In order to test a realistic approximation of a polygenic adaptation model, we retained as the representative scores of a given gene, the highest normalised nSL and H12 values, as well as the highest LASSI score computed among those obtained for all variants/windows annotated on that gene. In doing so, the overall distribution of the LASSI statistic was filtered to select windows showing m ≥ 2 to consider only weak selective events as potential contributors to polygenic adaptations. The resulting genome-wide distributions of selection scores were then submitted to gene-network analyses using the R signet algorithm⁹ and by setting 20,000 iterations to generate null distributions of the highest scoring subnetwork (HSS) for each gene-network of a given size to be compared with the obtained HSS. This provided a p-value for all the identified gene networks and those <0.05 after controlling the false discovery rate (FDR) were used to point out combinations of multiple genes that participate to the same functional pathway (according to information from the KEGG database²⁴) and that have been targeted by natural selection.
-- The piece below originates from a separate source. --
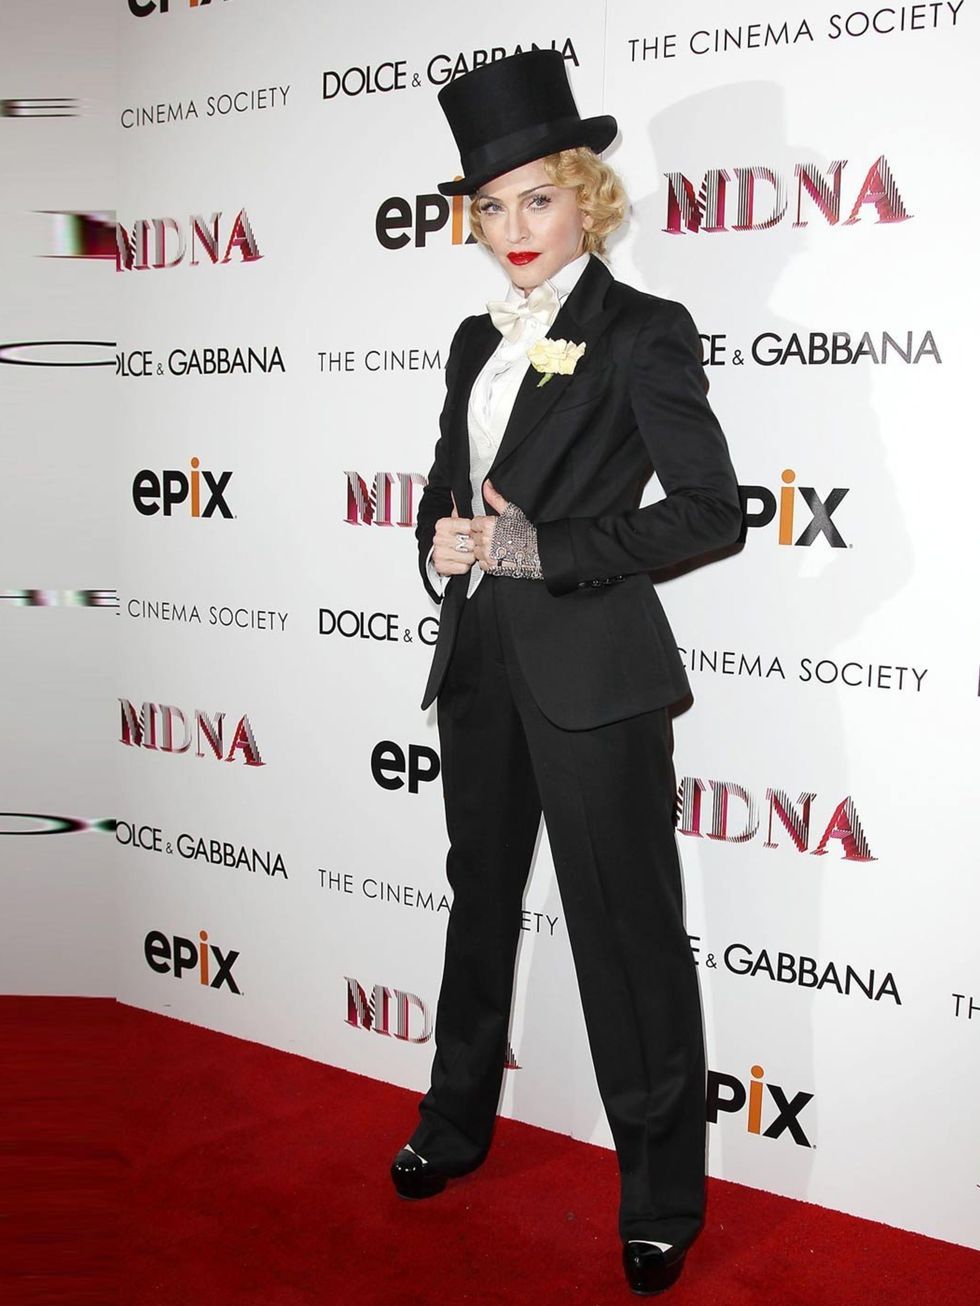 <p>Madonna wore a three piece suite by <a href="attended%20the%20Dolce%20&amp;%20Gabbana%20and%20The%20Cinema%20Society%20screening%20of%20the%20Epix%20world%20premiere%20of%20%E2%80%98Madonna%3A%20The%20MDNA%20Tour%E2%80%99%20at%20The%20Paris%20Theatre%2

The most plausible biological functions having evolved adaptively in the Andean high-altitude groups were finally identified as those (i) supported by at least two out of the three selection scans implemented (i.e., nSL-based, H12-based and LASSI-based significant networks), (ii) replicated by applying the same pipeline of analyses to both WGS and imputed data, and (iii) not represented in significant networks obtained from the analysis of the low-altitude control dataset. Finally, to evaluate convergent evolution between Andean and Himalayan populations at a single-gene level, loci included in the supported networks were crosschecked with lists of genes whose variation patterns were previously proposed to have been shaped by the action of natural selection in Tibetan/Sherpa peoples^13,52,65.

Investigating association between candidate adaptive loci and complex traits/eQTLs

The CMDKP database (https://hugeamp.org/) was used to validate associations between biological functions/traits that have been previously proposed to be involved in adaptive responses to high-altitude selective pressures^{51,52,65,70,71,72} and the candidate adaptive genes identified by gene-network analyses.
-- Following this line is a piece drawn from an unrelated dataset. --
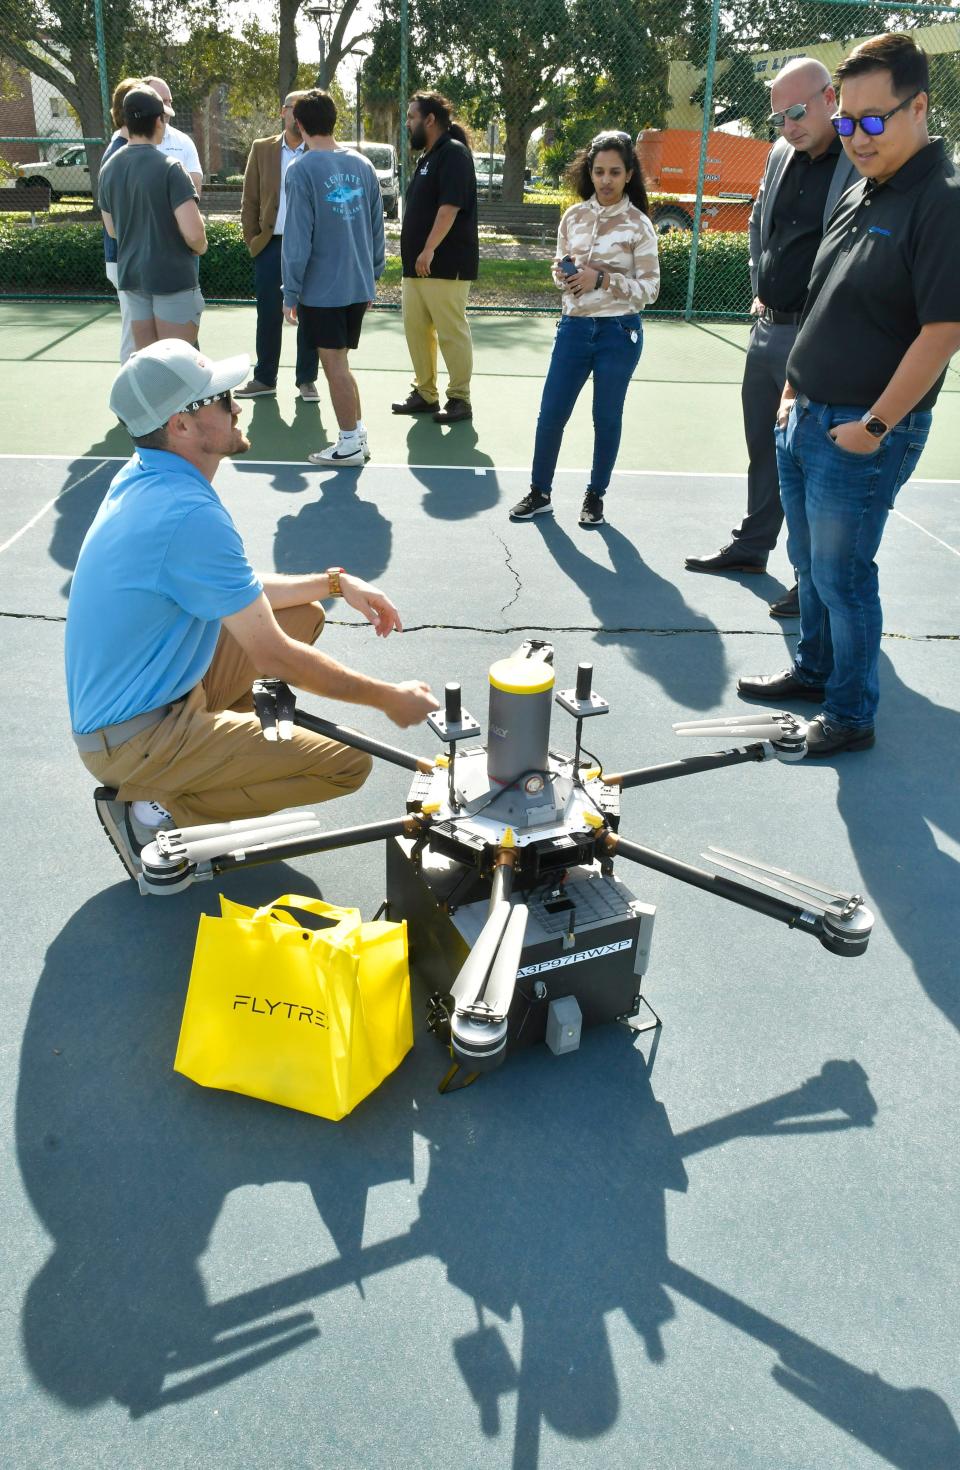 Paul Rossi, Causey Aviation Unmanned director of development and safety, discusses the Flytrex hexacopter after Thursday's drone flight during Florida Tech's Advanced Air Mobility Technology Showcase.

Furthermore, we used the GTEx portal (https://gtexportal.org/home/) to search for eQTLs at the identified candidate adaptive loci and we retained only those variants affecting their expression in tissues and/or districts of the body that have been previously proposed to be involved in the modulation of high-altitude adaptations^17,90.
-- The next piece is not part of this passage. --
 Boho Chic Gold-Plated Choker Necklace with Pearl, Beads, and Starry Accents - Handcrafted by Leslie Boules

Statistics and reproducibility

Statistical analyses were performed using the softwares PLINK v2.0, SHAPEIT2 v2.r790, bcftools v 1.8, Eagle v2.4, MIS v1.2.4, EIGENSOFT v6.0.1, ADMIXTOOLS v3.0, CHROMOPAINTERv2, fineSTRUCTURE fs2.1, ADMIXTURE v.1.22, selscan v.1.1.0b, R v.3.6.3, LASSI GitHub repository available at https://github.com/mdegiorgio/LASSI.git. Phenotypic associations, eQTLs and pathways information in the present study were obtained consulting the CMDKP database (https://hugeamp.org/), the GTEx portal (https://gtexportal.org/home/) and the KEGG database (http://www.genome.ad.jp/kegg/). The sample sizes of each population used in the analyses are reported in Supplementary Table 1. The source data behind the graphs in the paper are listed in Supplementary Data 2.

Reporting summary

Further information on research design is available in the Nature Portfolio Reporting Summary linked to this article.